Ratings13
Average rating3.7
This was a difficult book to rate, I landed on 3.5 rounding down. The first part was OK, the middle got boring, and the last part was good (but not great). I wished I could have cared more for the main character. The audiobook length is 8 hours, and I think the narrator did a great job.
This memoir was gritty, hard-hitting, and brutally honest. It described addiction and PTSD bluntly. However, I feel like the parts outside of the section about being in Iraq were extremely repetitive. Self loathing, shooting up, trying to get drugs, getting ripped off. It felt monotonous after a while. Overall worth a read though.
Author Nico Walker grew up the son of affluent parents in Ohio, spent 11 months in Iraq pulling in more than 200 missions as a woefully under-qualified Army medic and returned to develop a heroin addiction which led to a string of 11 bank robberies in a 4 month span, stealing about $40K to feed the habit before inevitably being caught. He's currently spending 11 years at the Federal Correctional institution in Ashland Kentucky where he wrote Cherry. And despite the author's note proceeding the work - “This book is a work of fiction. These things didn't ever happen. These people didn't ever exist.” - the story is pretty much that.

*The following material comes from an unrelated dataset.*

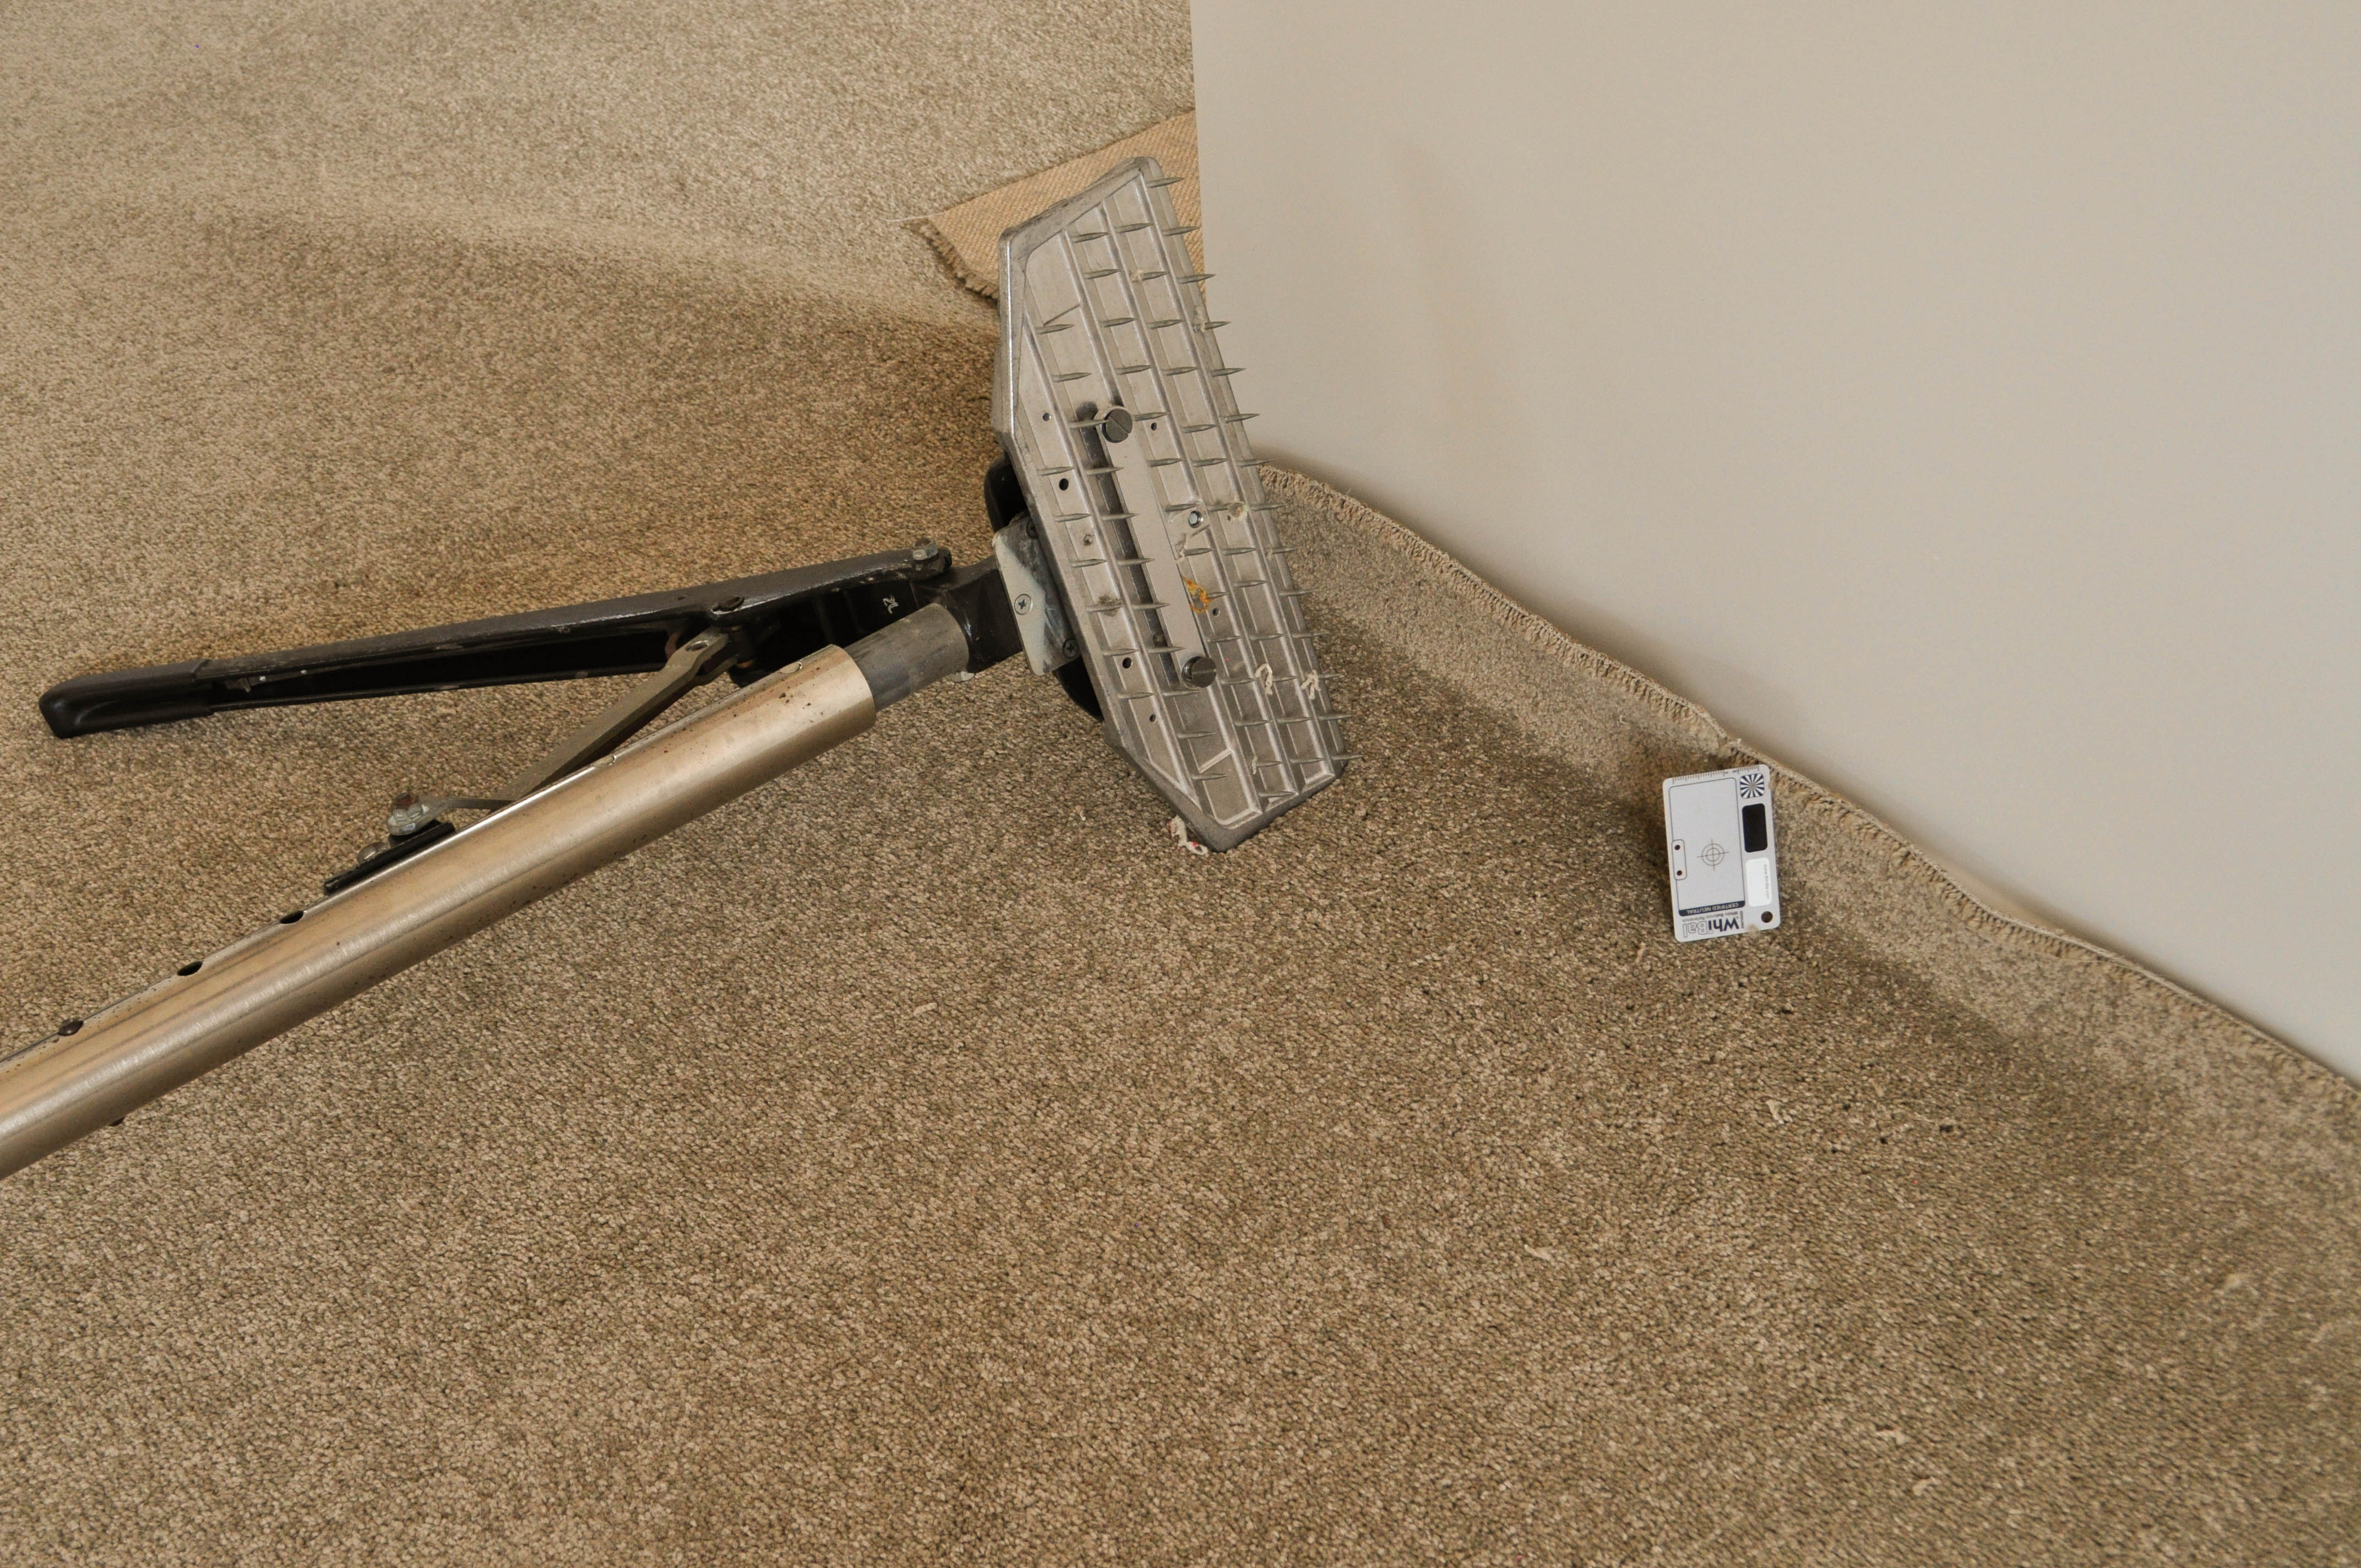 a slab of carpet with ripples in it, in a room that has been lifted of the gripper and where the telescopic head of the power stretcher
has been applied against the carpet gripping it and stretching it. The picture shows the teeth or spikes of the power stretcher that grip the carpet.

But damn what a read. I think critic Ron Charles put it best when he calls Cherry a morose Holden Caulfield goes to war. Walker is matter of fact, adopting a simple street argot but not in a boastful way, trying to show off his cred. The story is not a metaphor, Walker's not angling for your sympathies, he's not looking to redeem himself in your eyes. There's nary a whiff of an MFA program, juggling intent. He's a walking shrug emoji noting the blunt, blood-used and crooked needles in the cupboard, the quiet joke of robbing a bank, the whole make-believe mess of the war. I really enjoyed the read and really settled into Walker's distinct voice - and maybe I'm just taken in by the lived experience on display here, the story that fuels the story adding to the weight of the thing. In contrast to the novel, Walker's Acknowledgements are an effusive read, crediting the people around him for any semblance of talent on display here which just adds to the allure.
The book has sold in several languages already and Walker's using the money to pay back some of the banks he's robbed. They're already working on a movie deal but it's currently held up because he's used up all his phone time in prison. At a meta level it's just such a beautifully crafted package.
I've read war novels that I've liked. I've read junkie novels that I've liked. Though this book combines the two, I did not like it. There was no real story here, no lessons learned, no new direction for the first-person narrator. That this is also autofiction doesn't redeem it. The only thing that keeps you reading is the hope that he'll go to jail or wise up. The best part of this book was reading about areas of Cleveland with which I am familiar.
Wow. Just wow. This was excellent. I found myself rooting for them even though I knew it was going to go bad-and quickly. Such a good read.